§ What you are asked to do
Exactly the lines below starting at the line with "Платье LaRedoute Короткое" and ending at the line with "iPad Pro 10.5" are wanted, with both ends included. Leave out the pictures and add no other lines.

§ Records shown
◆ ◆ ◆ ◆ ◆

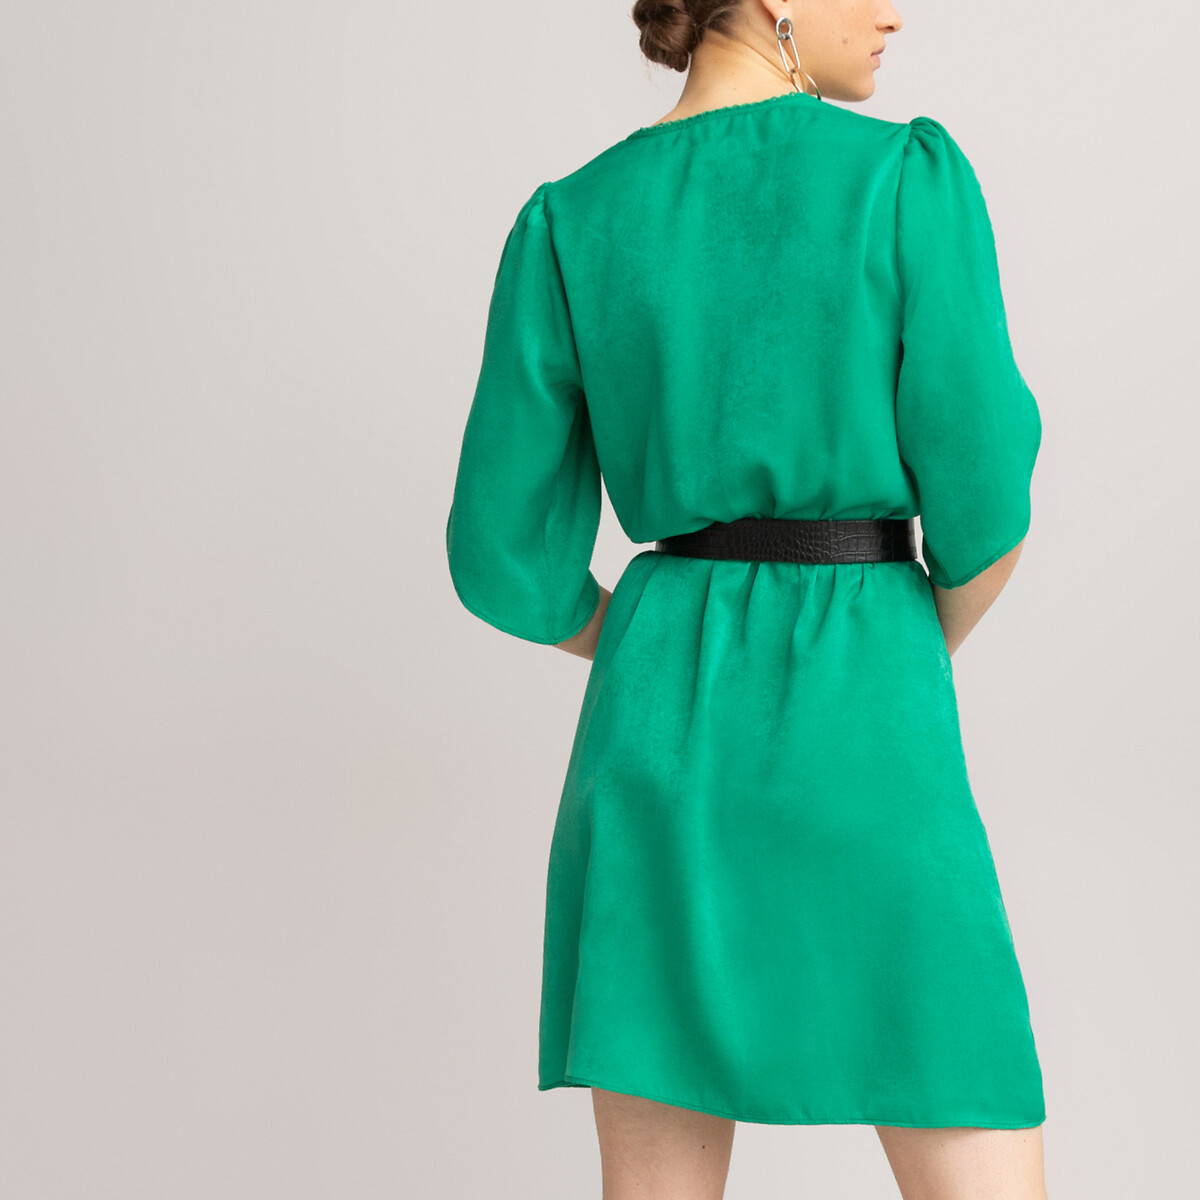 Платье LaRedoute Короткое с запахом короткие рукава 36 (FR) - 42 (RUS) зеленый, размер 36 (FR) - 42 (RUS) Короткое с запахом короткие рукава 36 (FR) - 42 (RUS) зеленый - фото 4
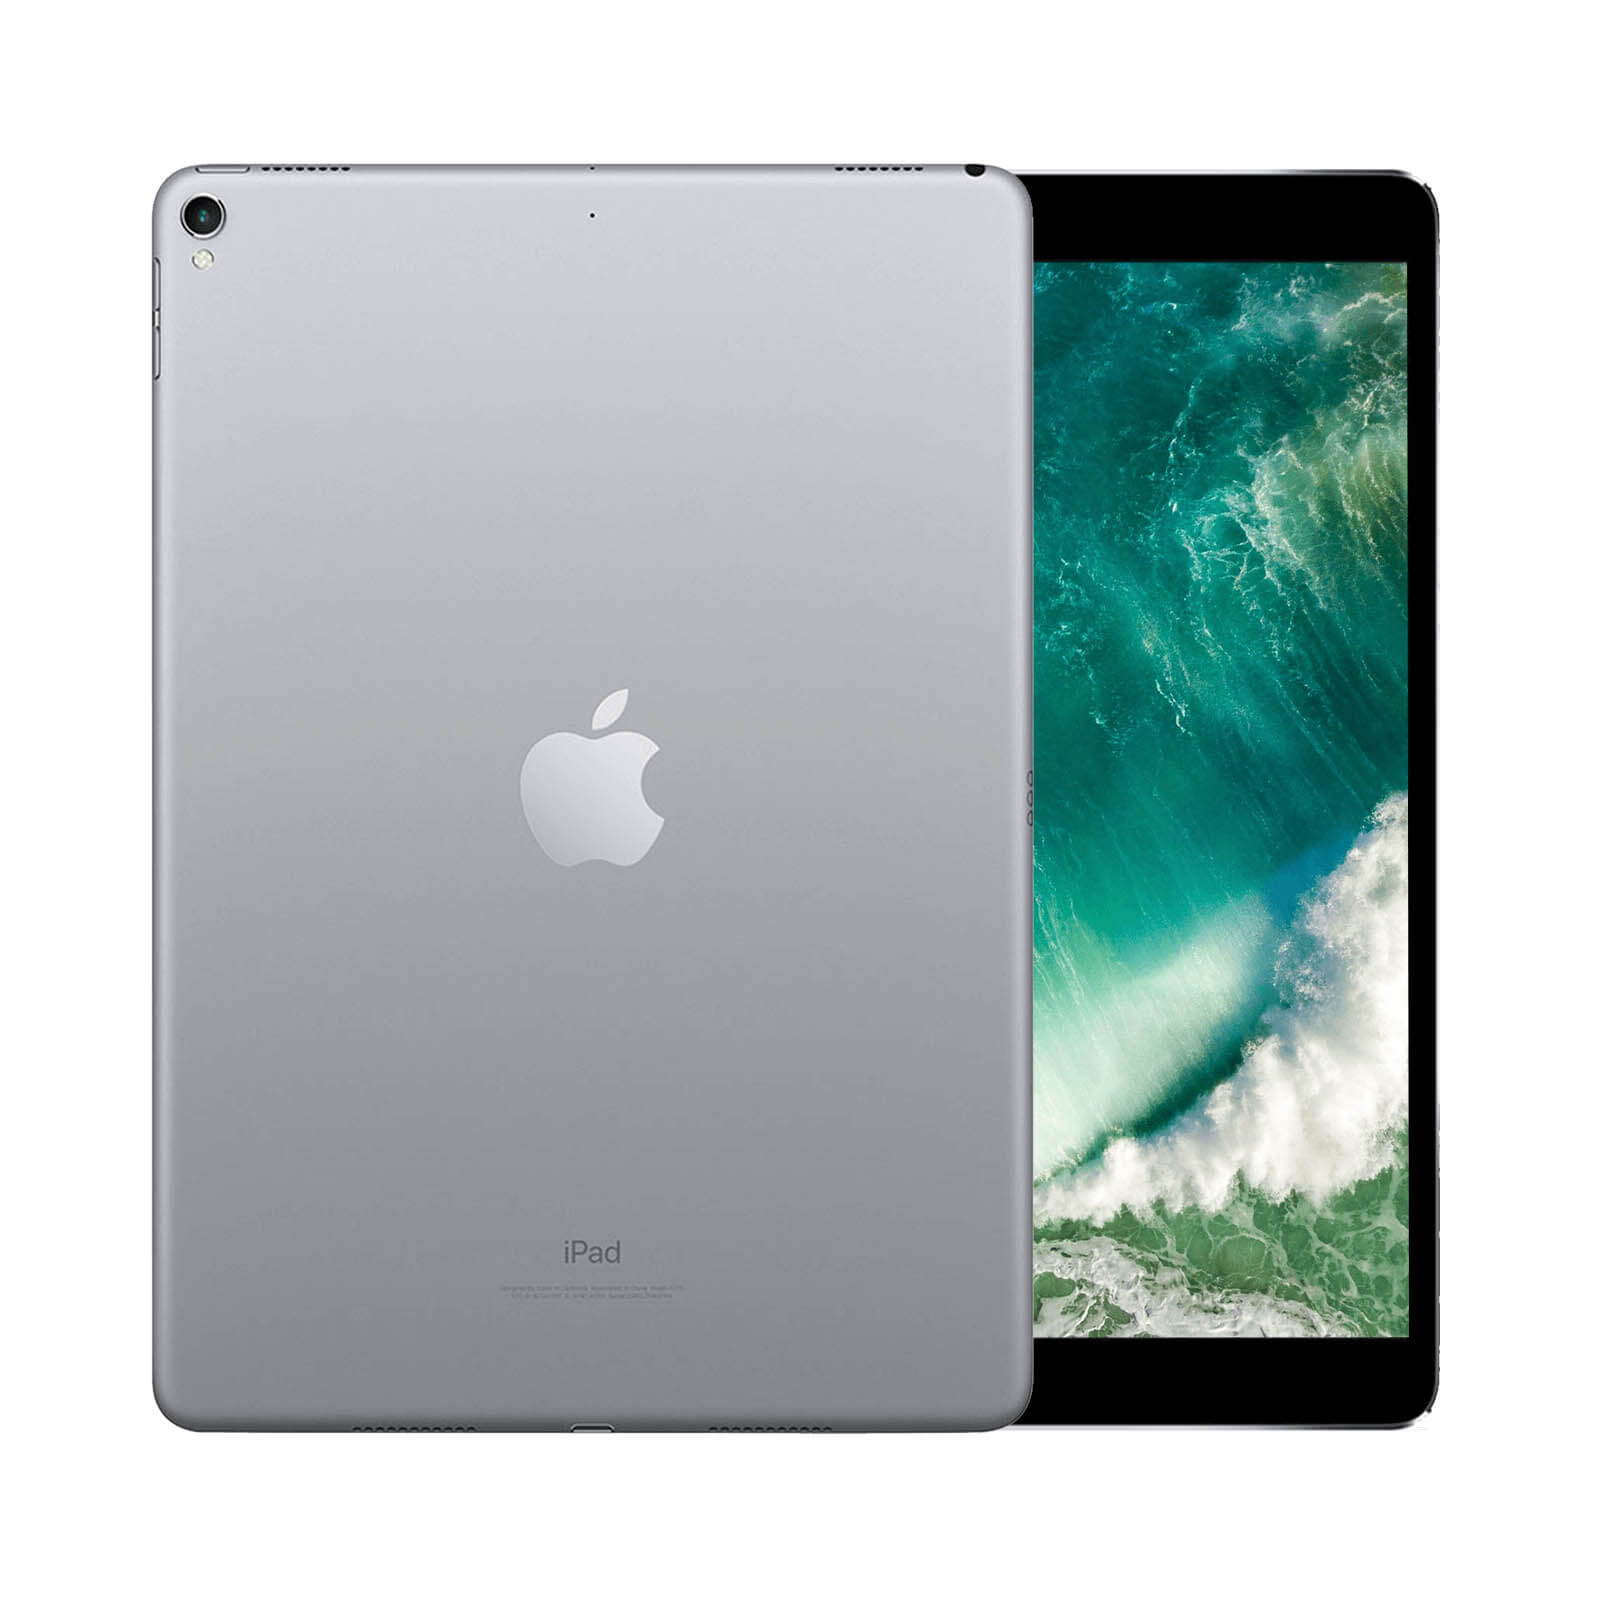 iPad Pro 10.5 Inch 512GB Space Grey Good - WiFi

◆ ◆ ◆ ◆ ◆

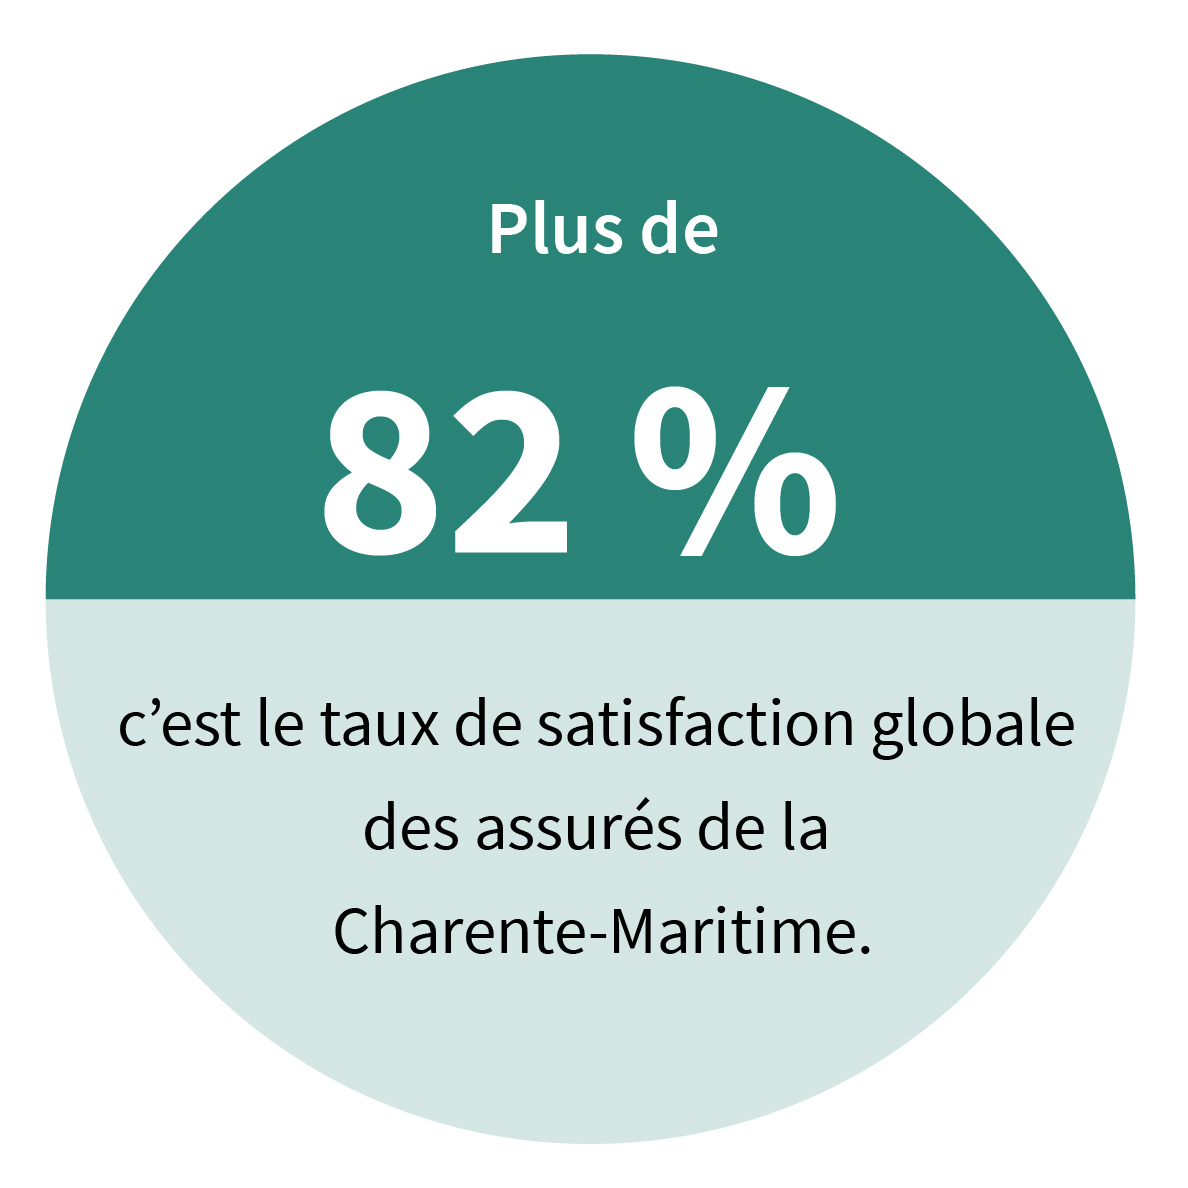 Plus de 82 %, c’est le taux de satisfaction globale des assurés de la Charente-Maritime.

◆ ◆ ◆ ◆ ◆

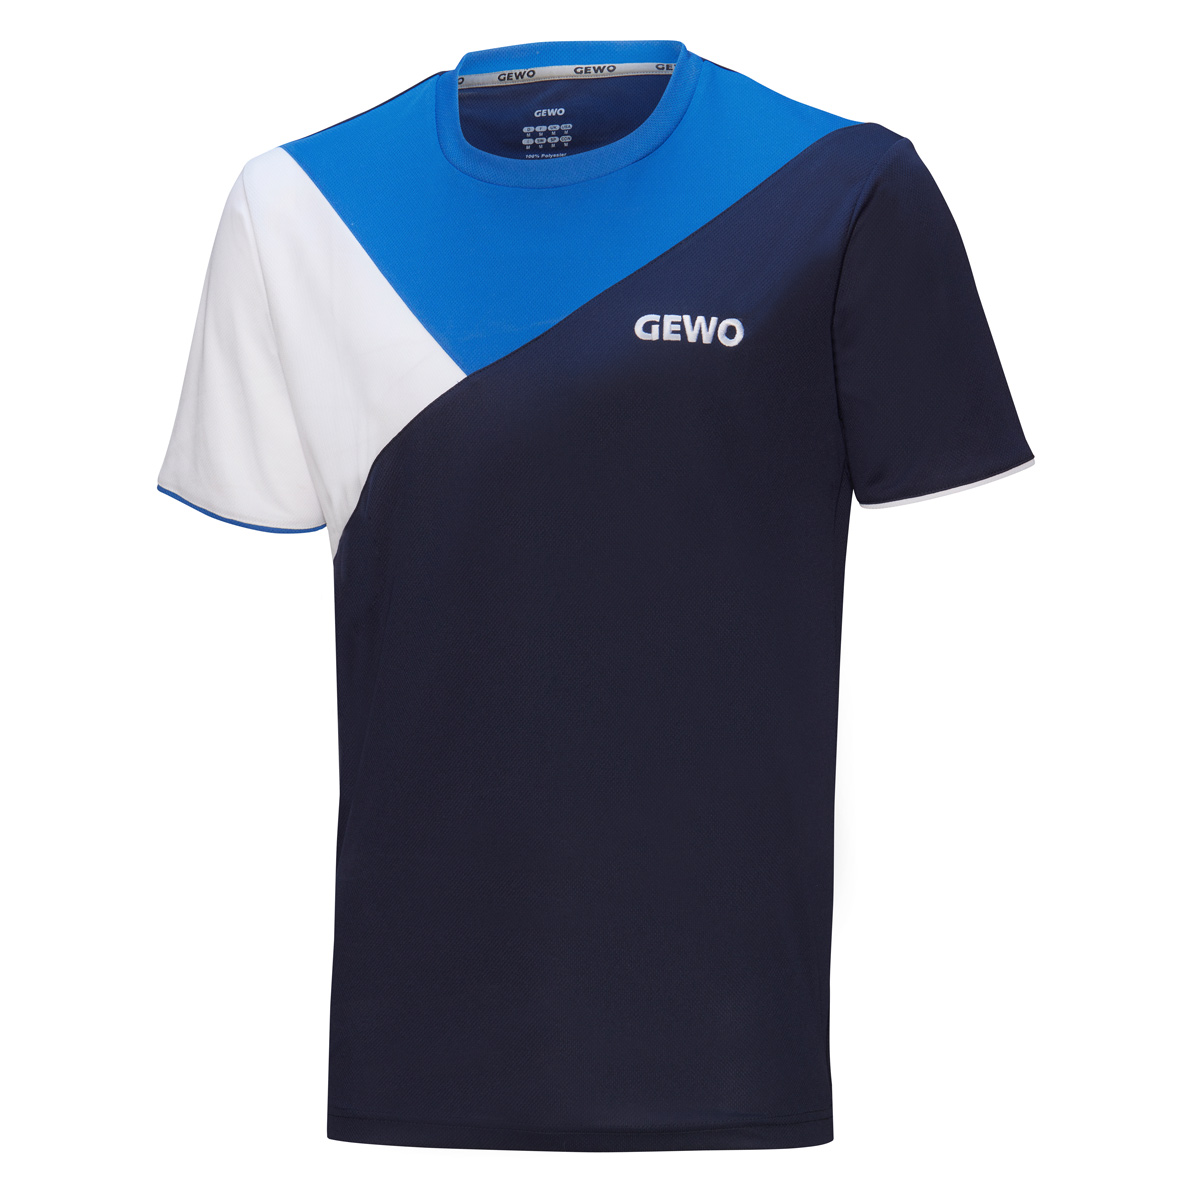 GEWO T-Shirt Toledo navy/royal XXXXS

◆ ◆ ◆ ◆ ◆

§ Completed task
 Платье LaRedoute Короткое с запахом короткие рукава 36 (FR) - 42 (RUS) зеленый, размер 36 (FR) - 42 (RUS) Короткое с запахом короткие рукава 36 (FR) - 42 (RUS) зеленый - фото 4
 iPad Pro 10.5 Inch 512GB Space Grey Good - WiFi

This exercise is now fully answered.